United States District Court, M.D. Florida, Fort Myers Division

June 20, 2019

BLUE HERON COMMERCIAL GROUP, INC. f/k/a Eagle Crest Manufactured Home Park, Inc., Plaintiff,
v.
LEE WEBBER and GERALD T. FILIPIAK, Defendants.

          OPINION AND ORDER

          JOHN E. STEELE SENIOR UNITED STATES DISTRICT JUDGE.

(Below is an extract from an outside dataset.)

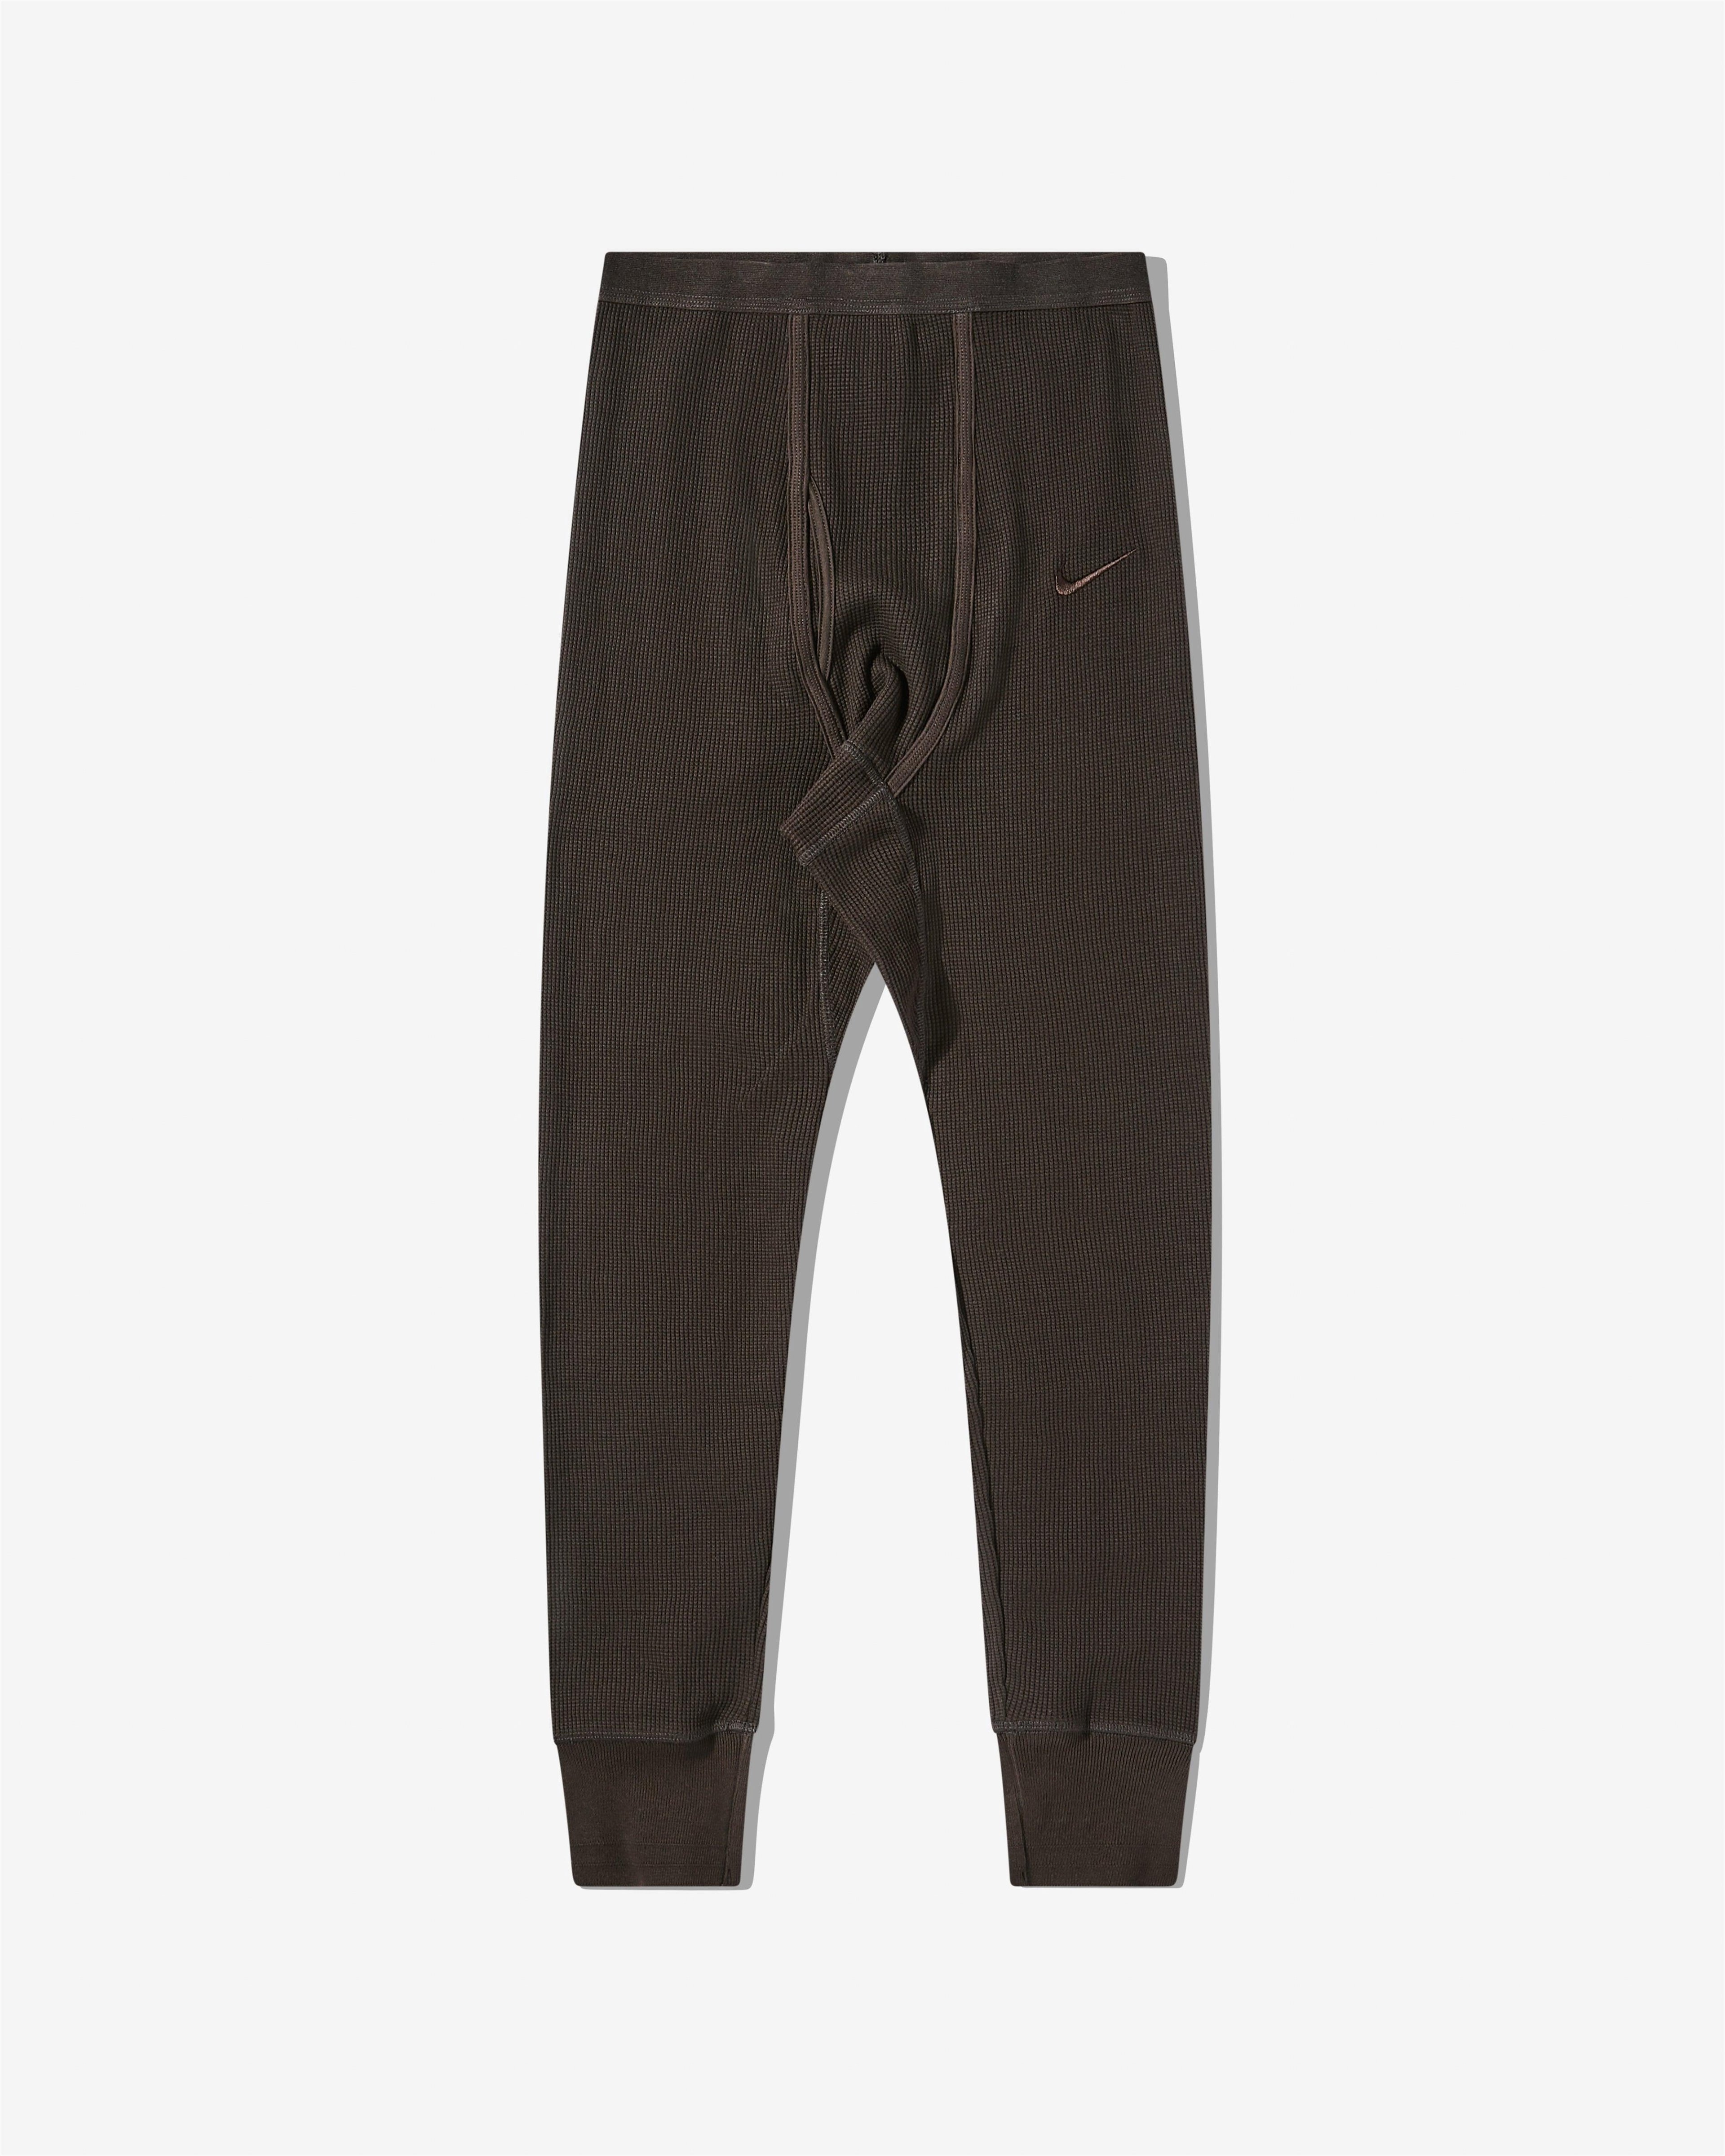 Nike - Men's Bode Thermal Pant - (FQ4567-235) by NIKE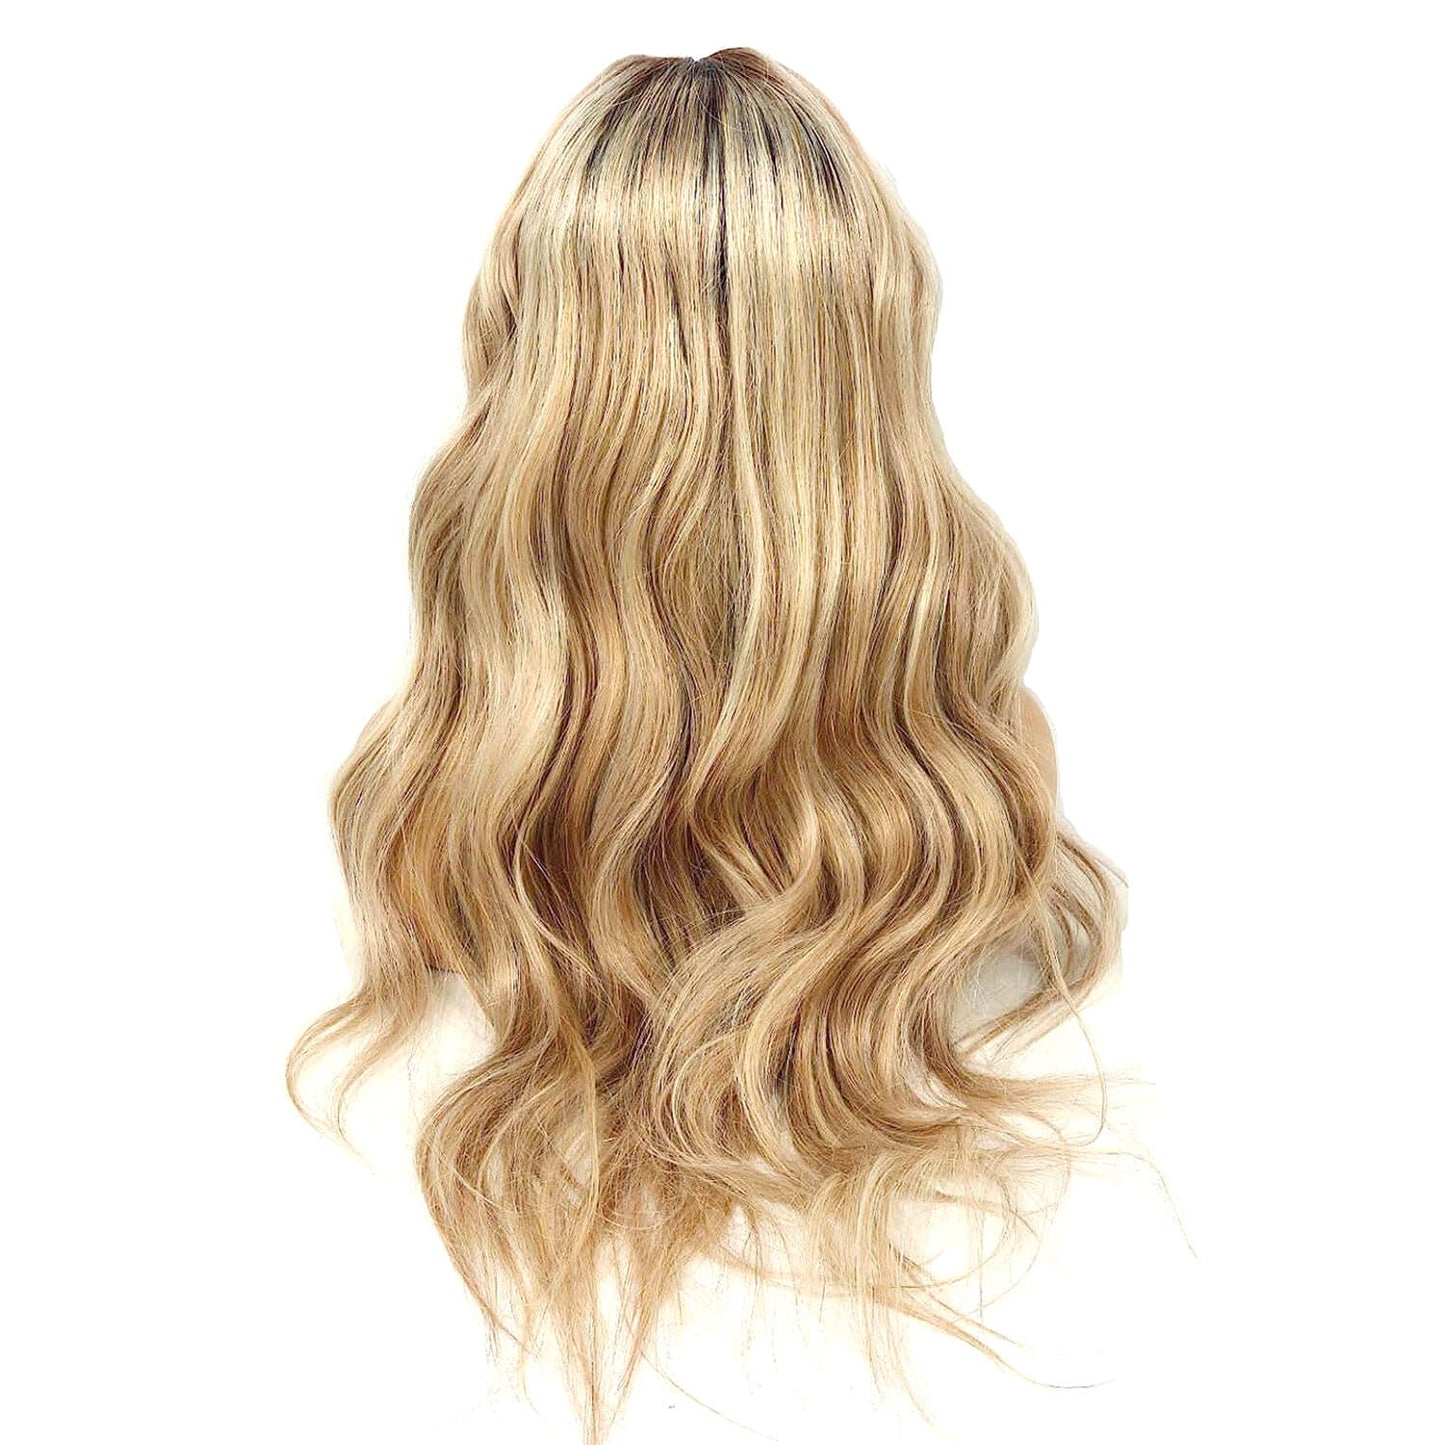 Blonde human hair lace front wig with dark root

         This matter comes before the Court on defendants' Motion for Sanctions (Doc. #76) filed on March 8, 2019, to which plaintiff filed a Response (Doc. #78) on April 11, 2019. Defendants filed a Reply (Doc. #85) on May 8, 2019, and plaintiff filed a Sur-Reply (Doc. #88) on May 24, 2019. For the reasons set forth below, the motion is denied.

         I.

         Plaintiff Blue Heron Commercial Group, Inc. (Blue Heron) initiated this lawsuit in the Circuit Court of the Twentieth Judicial Circuit in and for Lee County, Florida. (Doc. #2.) Defendants Lee Webber and Gerald T. Filipiak (collectively, Defendants) subsequently removed the action to this Court on the basis of diversity jurisdiction. (Doc. #1.) On September 5, 2018, Defendants filed a motion for summary judgment (Doc. #26), arguing Blue Heron's claims are barred by the doctrine of res judicata. On March 14, 2019, the Court entered its Opinion and Order (Doc. #74) granting Defendants' motion for summary judgment, finding that Blue Heron's claims against Defendants are precluded by res judicata. Final judgment was entered in Defendants' favor on March 15, 2019. (Doc. #75.)

         II.

         Defendants filed the instant Motion for Sanctions (Doc. #76) on March 28, 2019 pursuant to Rule 11 of the Federal Rules of Civil Procedure. Defendants seek sanctions in the form of attorney's fees against Blue Heron's former counsel Kenneth Chase[1] for filing a frivolous Complaint against Defendants. Defendants contend the Complaint was frivolous because Mr. Chase knew or should have known that Blue Heron's claims are precluded by res judicata. In addition, Defendants seek sanctions against Blue Heron in the form of an injunction barring Blue Heron from filing further lawsuits against Defendants without leave of court.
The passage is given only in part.